For example, for the operating system log, the preset white list keywords are: "ICMP Error", "nfsidmap", "system-tmples", "sshd", "ABRT", "syslog-ng", "ASA-4-313005", "nslcd", "a 2-buffer", "A2-RT-", "A2-SEC-FW-", "A2-SW-", "A2-VPN-FW-", "FG 1500D-", "vif-", "su", "mail", "nslcd [", "usb", "hub", "sfcb [," ETIMEDOUT "," is not allowed "," readpatch Error "," Unoverned read Error "," Medium Error "," nfidmap "," sys-tmples "," cross "" and "" cross "" address " "time out", "type", "cluster", "dna-data-Error", "CIDR", "circle", "Cannot bound user", "dbus", "use the force", "Deny", "kubel", "OCI", "synchronizing", "stream copy", "mfsc chunk", "club-system", "TLS handover hash", "system-d-location", "controller-manager", "Cannot extract a stored", "command-b-command & c", "lcd _ tah _ entry _ location", "Starting Switch roll", "Starting", "Error correction", "TACACS _ ROR _ MESSAGE _ admixture DEVICESCAN", "Harvest _ Hardware DEVICESCAN", "Hardware Switch mounted", "Hardware-", when log data in a message queue corresponding to an operating system log are detected and matched with the white list keyword, the log does not need to be concerned, is irrelevant to an alarm and can be ignored during alarm processing, and the log is determined to be an alarm irrelevant log; the set blacklist keywords are: "failed", "error", "err", "face", "fail", "refused", "hash", "coast", "panic", "File system full", "Out of memory", "Critical", "reboot", "read-only", "blocked", "FAULT", "reset", "bond0: link status definition up for interface", "nf _ conntrack: table full", "table overflow", when the log data in the message queue corresponding to the operating system log is detected to match the blacklist keyword, it indicates that the log is the alarm log that is triggered certainly. And setting the priority of the blacklist keywords to be higher than that of the white list keywords, and determining that the log still must trigger an alarm log when the blacklist keywords and the white list keywords simultaneously appear in the log. In addition, a keyword containing security concern is set for the operating system log, specifically: when the keyword containing the security concern is detected and matched based on log data in a message queue corresponding to the operating system log, a security mark is marked on the log for subsequent log analysis processing.

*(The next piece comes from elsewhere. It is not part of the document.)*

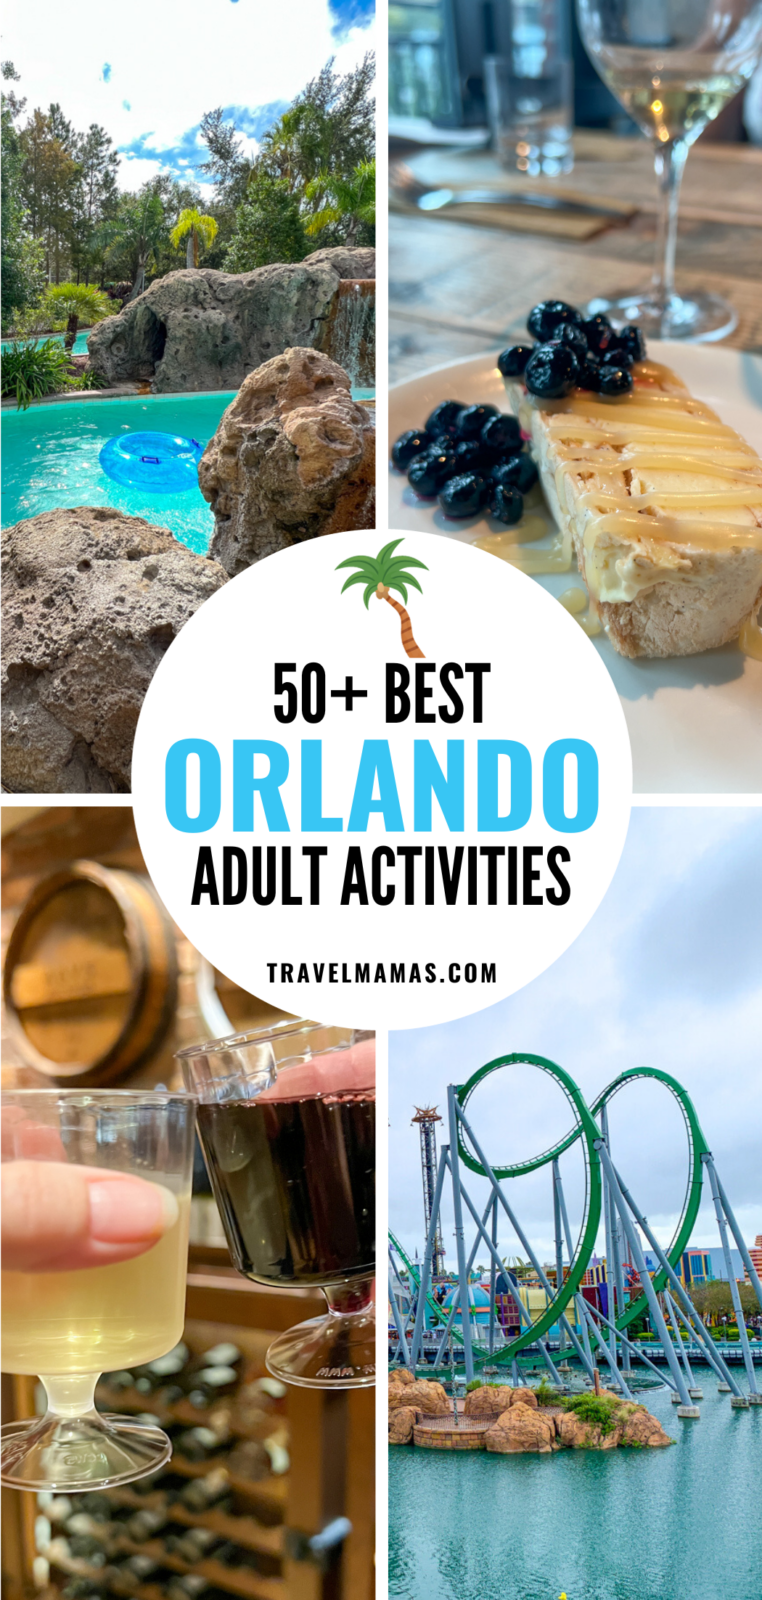 Best Orlando Adult Activities
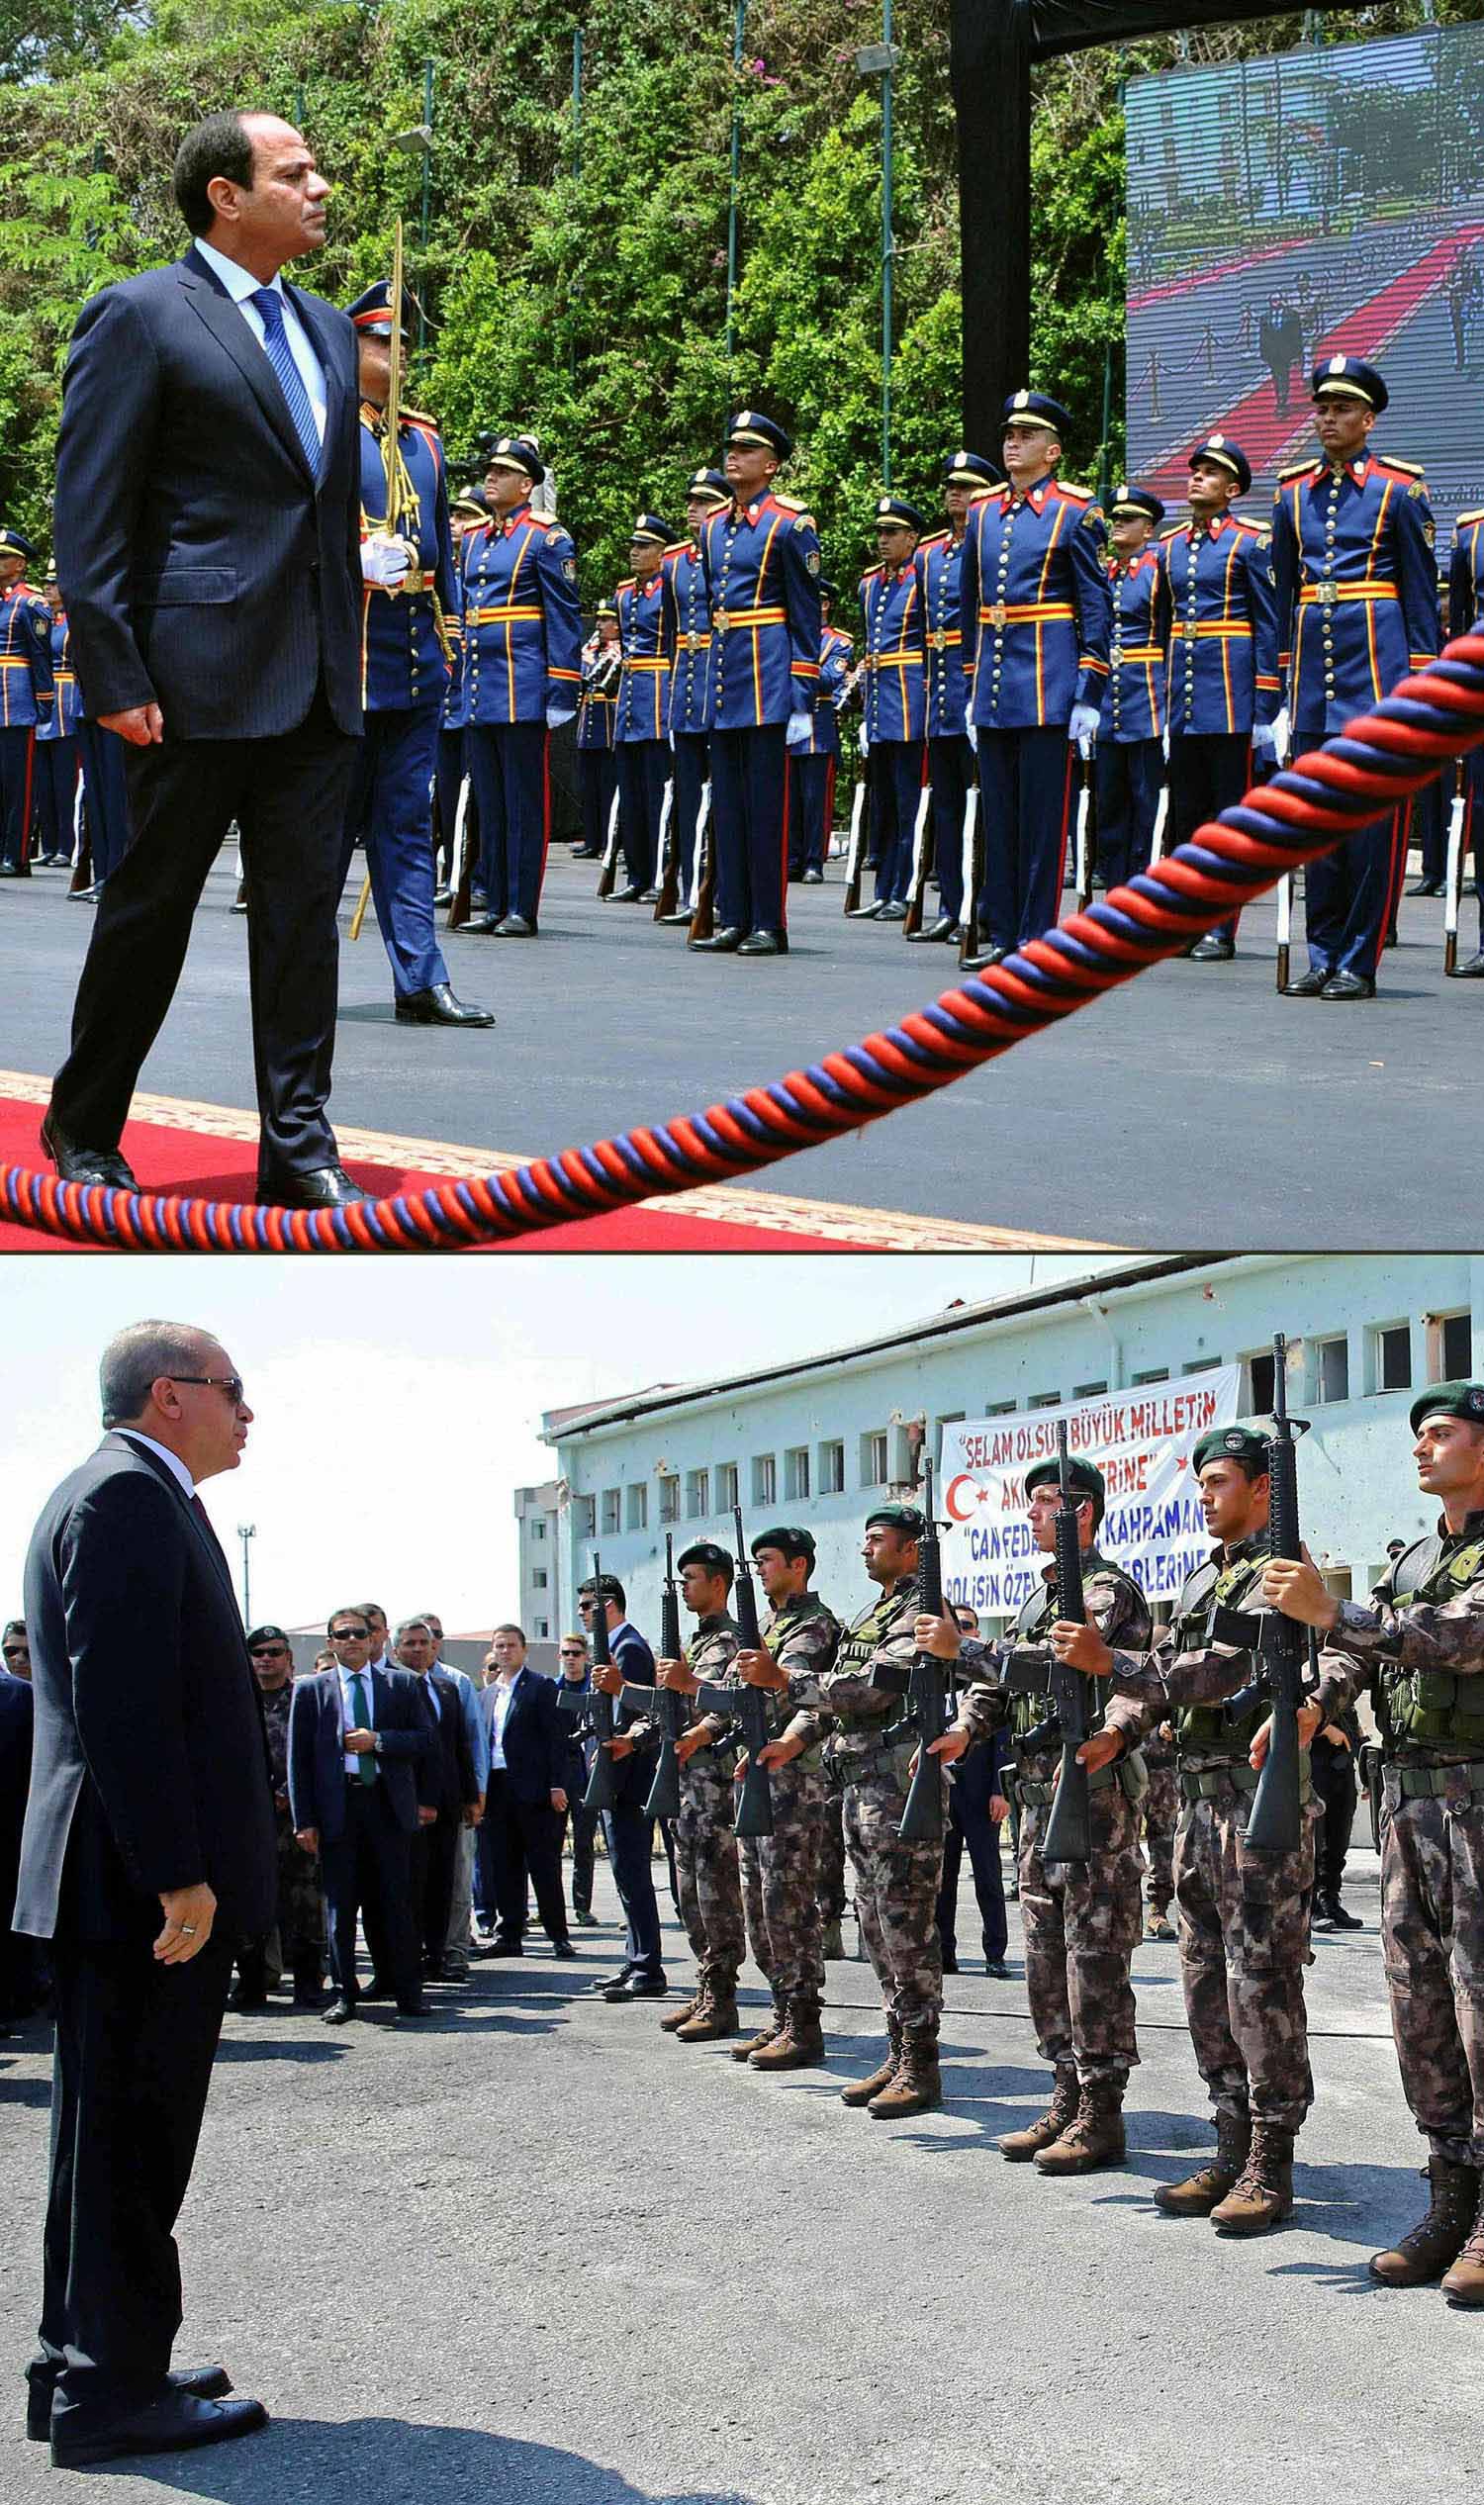 الرئيس المصري عبدالفتاح السيسي يستعرض جنوده والرئيس التركي رجب طيب أردوغان يستعرض جنوده

For example, for the load balancing log, the preset white list keywords are: "nella-plus", "falcon-control", "bh.pajk-ent.com", "proxy _ temp", "temporal", "try-es-cube-log", "try-es-log", "dubbo-dubbo-admin", "ultra-magnus", "oceans", "try", "chihuahuahuahuahua", "skyline", "fz-zhongdian", "polestar" and "/hive/", when detecting that the log data in the message queue corresponding to the load balancing log matches the white list keyword, it means that the log does not need to be concerned and is irrelevant to the alarm, and when the alarm processing can be ignored, the log is determined to be an alarm irrelevant log; for example, when detecting that the relevant key word "upstream timed out" or "Connection returned" in the log data corresponding to the load balancing log indicates that the request is overtime or the link is rejected, the back-end service is unavailable, and an alarm needs to be triggered, when the log including the above key word is detected and matched with the white list key word, it is still determined that the log can be ignored during the alarm based on the white list key word. When keywords of 'inside-lb', 'api-lb' and 'out-lb' are detected and matched in the log, a load balancing mark is marked on the log; other keywords in the load balancing log and the server hardware log are not described in detail herein.
Further specifically, before the log to be analyzed including the warning keyword is screened out according to a preset warning keyword corresponding to the theme, the method further includes: matching and extracting the logs to be analyzed according to a preset host name format rule; when the host name cannot be extracted from the log to be analyzed, filtering the log to be analyzed; and when the host name is extracted from the log to be analyzed, reserving the log to be analyzed.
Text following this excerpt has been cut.